The international symposium, “The Ocean, a Natural Laboratory: Insights and Challenges of Knowledge in the Territory,” included a presentation by Prof. Dr. Esther Turnhout of the University of Twente, the Netherlands, who thanked the invitation and highlighted the importance of Chile. Natural laboratories around the world, in addition to the work being done by the Central and North Ocean Natural Laboratories node.
Participatory governance, the integration of multiple knowledge systems, and the return of results to communities were key topics guiding discussion at the international symposium “The Ocean is a Natural Laboratory: Visions and Challenges of Knowledge in the Territory,” an event organized by Hu. Node Lab Northern Ocean Nature Centeralong with the eight institutions associated with the project, which he leads Catholic University of the North (UCN) Coquimbo headquarters, through Public Policy Institute.

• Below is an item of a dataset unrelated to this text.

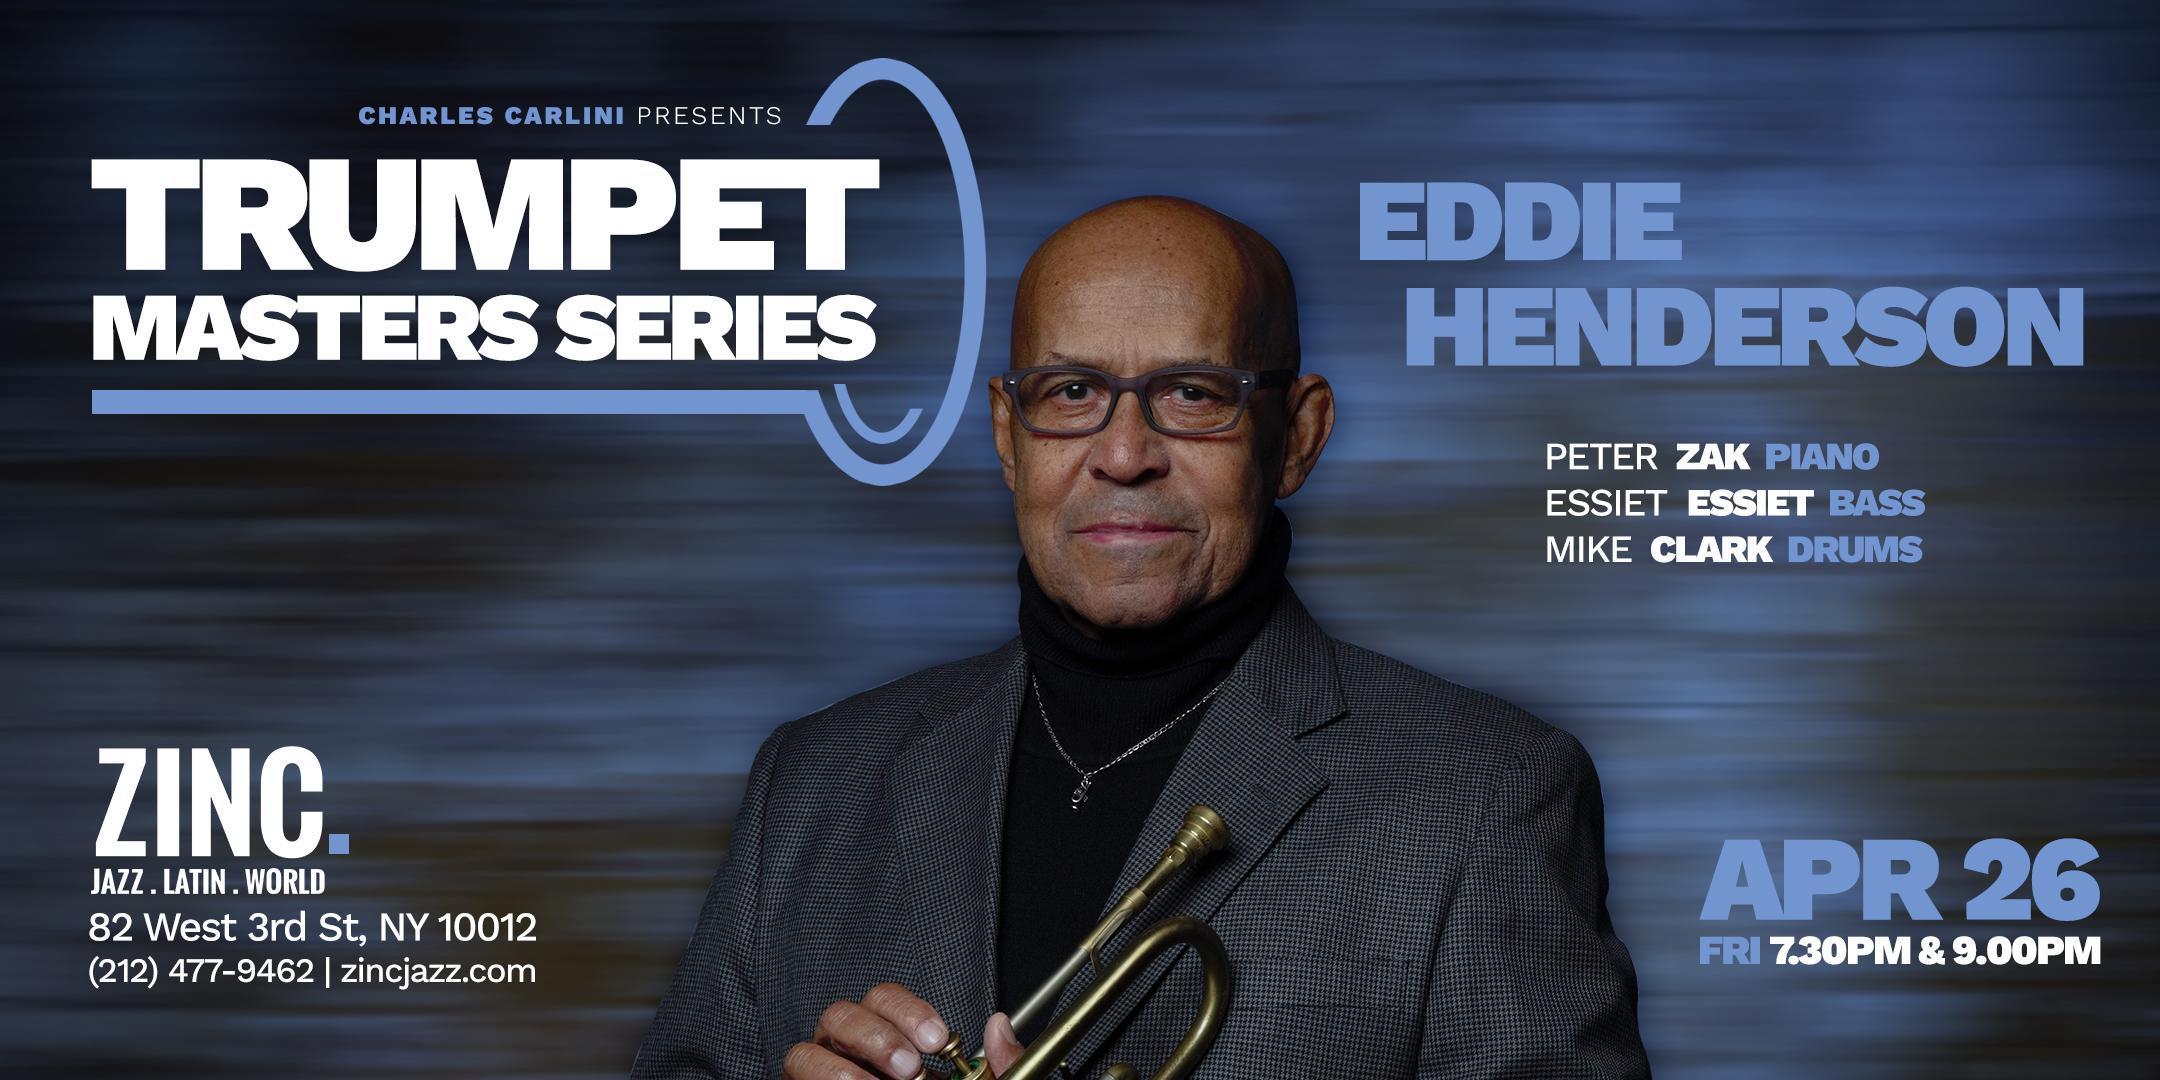 Trumpet Masters Series: Eddie Henderson Quartet

“It’s a very exciting initiative in trying to reconcile knowledge with action, not only on land but also in the ocean, which of course has a level of complexity and uncertainty that is unprecedented. I think for people who have done most of their work in social or terrestrial systems, it’s hard to understand how much things That we don’t know about the ocean, so these uncertainties and the risks and the complexity of human actors and non-humans make this very exciting,” said Dr Turnhout.
Challenges in co-production
Highlighting the challenges of the interdisciplinary work developed through Node, as well as identifying different ways to promote it based on the multiple experiences of other projects, was one of the goals of this seminar, an example in which Dr. -glad. Professor at the Institute of Biology of the Federal University of Bahia, and Coordinator of the National Institute of Science and Technology in Interdisciplinary and Interdisciplinary Studies in Brazil; He explained the challenges that exist in scientific work with regional communities, noting the importance of creating a truly participatory process in which both parties participate horizontally.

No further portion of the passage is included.